# [TASK PROMPT]
Two lines mark the range in the entries below: the one holding "Signature Lace Classic Cami - Bliss Pink" and the one holding "Chest X-Ray of". Set down those two and all lines between them, exactly.

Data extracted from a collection

====

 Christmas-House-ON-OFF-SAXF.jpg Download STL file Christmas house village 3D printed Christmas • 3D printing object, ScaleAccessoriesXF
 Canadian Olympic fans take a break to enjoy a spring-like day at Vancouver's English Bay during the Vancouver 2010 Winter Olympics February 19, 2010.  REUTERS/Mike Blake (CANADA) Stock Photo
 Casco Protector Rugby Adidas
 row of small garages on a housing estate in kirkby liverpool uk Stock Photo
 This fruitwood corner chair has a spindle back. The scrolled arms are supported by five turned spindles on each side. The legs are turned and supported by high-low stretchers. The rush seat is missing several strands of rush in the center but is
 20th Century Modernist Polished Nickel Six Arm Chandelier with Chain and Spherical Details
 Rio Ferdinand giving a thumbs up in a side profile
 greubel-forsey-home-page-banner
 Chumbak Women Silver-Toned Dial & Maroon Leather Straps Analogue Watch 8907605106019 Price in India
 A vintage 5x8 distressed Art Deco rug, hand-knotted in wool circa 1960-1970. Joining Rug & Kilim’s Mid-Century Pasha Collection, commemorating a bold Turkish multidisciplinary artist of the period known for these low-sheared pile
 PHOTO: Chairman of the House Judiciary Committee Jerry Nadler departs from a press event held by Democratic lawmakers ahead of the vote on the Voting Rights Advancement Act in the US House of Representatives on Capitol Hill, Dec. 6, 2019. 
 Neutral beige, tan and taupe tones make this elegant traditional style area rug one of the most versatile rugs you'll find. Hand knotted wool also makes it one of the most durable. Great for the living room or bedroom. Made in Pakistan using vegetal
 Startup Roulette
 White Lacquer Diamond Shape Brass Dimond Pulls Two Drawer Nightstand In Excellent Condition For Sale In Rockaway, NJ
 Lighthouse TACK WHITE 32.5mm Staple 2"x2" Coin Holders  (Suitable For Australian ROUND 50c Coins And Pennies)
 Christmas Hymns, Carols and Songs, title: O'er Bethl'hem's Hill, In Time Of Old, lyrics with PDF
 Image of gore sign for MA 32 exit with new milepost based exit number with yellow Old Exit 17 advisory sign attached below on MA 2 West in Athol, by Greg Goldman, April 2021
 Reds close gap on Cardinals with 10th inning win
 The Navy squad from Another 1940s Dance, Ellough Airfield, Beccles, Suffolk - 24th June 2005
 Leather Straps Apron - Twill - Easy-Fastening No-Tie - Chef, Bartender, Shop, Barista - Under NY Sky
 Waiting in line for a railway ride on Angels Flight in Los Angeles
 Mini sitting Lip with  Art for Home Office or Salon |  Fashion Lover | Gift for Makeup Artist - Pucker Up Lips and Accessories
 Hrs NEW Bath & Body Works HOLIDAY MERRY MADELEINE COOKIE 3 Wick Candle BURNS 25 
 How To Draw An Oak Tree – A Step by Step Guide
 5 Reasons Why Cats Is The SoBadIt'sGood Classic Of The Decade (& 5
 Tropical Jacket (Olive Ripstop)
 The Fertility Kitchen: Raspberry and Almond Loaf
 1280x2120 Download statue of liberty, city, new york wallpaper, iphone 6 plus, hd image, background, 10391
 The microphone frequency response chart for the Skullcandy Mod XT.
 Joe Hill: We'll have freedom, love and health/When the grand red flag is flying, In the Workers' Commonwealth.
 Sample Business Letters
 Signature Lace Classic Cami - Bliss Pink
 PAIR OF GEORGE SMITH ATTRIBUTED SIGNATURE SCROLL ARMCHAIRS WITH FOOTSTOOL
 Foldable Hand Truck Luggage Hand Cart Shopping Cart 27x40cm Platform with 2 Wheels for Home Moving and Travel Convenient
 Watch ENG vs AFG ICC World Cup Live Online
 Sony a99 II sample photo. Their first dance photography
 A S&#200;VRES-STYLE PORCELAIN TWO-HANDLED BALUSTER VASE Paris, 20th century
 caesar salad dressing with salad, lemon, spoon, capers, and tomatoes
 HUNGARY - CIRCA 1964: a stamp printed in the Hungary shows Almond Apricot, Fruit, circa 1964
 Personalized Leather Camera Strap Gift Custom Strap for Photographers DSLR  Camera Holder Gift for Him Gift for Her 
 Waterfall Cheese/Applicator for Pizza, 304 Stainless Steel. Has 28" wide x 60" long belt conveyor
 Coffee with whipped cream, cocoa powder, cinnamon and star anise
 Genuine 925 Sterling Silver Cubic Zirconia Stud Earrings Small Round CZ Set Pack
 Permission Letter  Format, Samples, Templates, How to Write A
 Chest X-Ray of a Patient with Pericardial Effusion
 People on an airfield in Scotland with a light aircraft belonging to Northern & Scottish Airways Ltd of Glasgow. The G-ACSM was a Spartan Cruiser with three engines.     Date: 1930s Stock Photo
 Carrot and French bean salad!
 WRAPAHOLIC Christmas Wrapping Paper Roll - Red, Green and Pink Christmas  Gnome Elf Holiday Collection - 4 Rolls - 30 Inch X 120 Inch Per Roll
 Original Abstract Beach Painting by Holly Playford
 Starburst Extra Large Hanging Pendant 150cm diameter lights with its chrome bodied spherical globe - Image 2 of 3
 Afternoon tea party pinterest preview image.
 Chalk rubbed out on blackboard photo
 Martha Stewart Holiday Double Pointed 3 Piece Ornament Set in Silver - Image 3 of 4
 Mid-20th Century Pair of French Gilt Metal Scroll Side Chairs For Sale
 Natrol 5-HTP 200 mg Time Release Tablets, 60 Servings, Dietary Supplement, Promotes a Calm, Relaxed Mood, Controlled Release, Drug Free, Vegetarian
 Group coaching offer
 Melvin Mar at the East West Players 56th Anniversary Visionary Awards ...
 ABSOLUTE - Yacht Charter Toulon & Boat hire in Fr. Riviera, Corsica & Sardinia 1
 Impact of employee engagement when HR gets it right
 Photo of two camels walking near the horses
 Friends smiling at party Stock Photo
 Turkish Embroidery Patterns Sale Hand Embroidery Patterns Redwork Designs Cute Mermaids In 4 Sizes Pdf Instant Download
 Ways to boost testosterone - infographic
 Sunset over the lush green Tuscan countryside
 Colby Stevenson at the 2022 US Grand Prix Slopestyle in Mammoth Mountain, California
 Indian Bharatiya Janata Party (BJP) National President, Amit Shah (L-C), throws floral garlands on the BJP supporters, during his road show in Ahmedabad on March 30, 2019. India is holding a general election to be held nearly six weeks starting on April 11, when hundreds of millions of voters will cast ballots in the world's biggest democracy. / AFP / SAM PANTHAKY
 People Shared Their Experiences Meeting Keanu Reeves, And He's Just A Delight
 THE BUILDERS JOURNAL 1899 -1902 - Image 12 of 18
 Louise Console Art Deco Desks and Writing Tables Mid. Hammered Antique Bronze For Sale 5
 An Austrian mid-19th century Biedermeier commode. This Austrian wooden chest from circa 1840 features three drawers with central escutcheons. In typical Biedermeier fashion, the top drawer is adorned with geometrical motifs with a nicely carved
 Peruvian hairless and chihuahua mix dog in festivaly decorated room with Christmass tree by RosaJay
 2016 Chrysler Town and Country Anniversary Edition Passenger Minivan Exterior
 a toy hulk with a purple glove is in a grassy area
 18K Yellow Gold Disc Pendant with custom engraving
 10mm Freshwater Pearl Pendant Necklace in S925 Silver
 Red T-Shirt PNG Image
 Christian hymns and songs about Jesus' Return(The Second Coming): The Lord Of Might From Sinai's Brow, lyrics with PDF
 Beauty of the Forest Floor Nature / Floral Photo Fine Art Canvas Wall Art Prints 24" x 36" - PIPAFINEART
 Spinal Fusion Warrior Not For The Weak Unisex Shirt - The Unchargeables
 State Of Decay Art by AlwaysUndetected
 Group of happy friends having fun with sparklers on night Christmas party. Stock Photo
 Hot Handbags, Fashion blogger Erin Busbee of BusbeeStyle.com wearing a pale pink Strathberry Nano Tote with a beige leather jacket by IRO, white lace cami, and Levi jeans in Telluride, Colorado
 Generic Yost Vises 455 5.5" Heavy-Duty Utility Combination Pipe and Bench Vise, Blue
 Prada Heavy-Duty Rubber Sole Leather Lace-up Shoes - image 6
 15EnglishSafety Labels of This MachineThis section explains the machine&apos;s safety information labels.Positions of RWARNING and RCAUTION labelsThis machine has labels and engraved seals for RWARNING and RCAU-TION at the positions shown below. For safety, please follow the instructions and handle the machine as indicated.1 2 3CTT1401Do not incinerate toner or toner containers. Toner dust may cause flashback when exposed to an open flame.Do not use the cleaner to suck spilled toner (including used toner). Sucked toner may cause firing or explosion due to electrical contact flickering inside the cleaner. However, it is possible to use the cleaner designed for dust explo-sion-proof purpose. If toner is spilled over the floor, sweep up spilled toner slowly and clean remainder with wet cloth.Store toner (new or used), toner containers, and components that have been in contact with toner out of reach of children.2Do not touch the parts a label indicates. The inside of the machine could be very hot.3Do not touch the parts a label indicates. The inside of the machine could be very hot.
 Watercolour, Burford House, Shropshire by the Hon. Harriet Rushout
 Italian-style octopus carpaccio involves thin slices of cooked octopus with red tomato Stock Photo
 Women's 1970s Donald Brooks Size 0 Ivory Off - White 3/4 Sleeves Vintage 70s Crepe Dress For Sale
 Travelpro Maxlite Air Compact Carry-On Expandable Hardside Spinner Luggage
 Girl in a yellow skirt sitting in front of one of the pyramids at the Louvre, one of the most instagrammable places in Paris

====

# [RESULT OF THE EXERCISE]
 Signature Lace Classic Cami - Bliss Pink
 PAIR OF GEORGE SMITH ATTRIBUTED SIGNATURE SCROLL ARMCHAIRS WITH FOOTSTOOL
 Foldable Hand Truck Luggage Hand Cart Shopping Cart 27x40cm Platform with 2 Wheels for Home Moving and Travel Convenient
 Watch ENG vs AFG ICC World Cup Live Online
 Sony a99 II sample photo. Their first dance photography
 A S&#200;VRES-STYLE PORCELAIN TWO-HANDLED BALUSTER VASE Paris, 20th century
 caesar salad dressing with salad, lemon, spoon, capers, and tomatoes
 HUNGARY - CIRCA 1964: a stamp printed in the Hungary shows Almond Apricot, Fruit, circa 1964
 Personalized Leather Camera Strap Gift Custom Strap for Photographers DSLR  Camera Holder Gift for Him Gift for Her 
 Waterfall Cheese/Applicator for Pizza, 304 Stainless Steel. Has 28" wide x 60" long belt conveyor
 Coffee with whipped cream, cocoa powder, cinnamon and star anise
 Genuine 925 Sterling Silver Cubic Zirconia Stud Earrings Small Round CZ Set Pack
 Permission Letter  Format, Samples, Templates, How to Write A
 Chest X-Ray of a Patient with Pericardial Effusion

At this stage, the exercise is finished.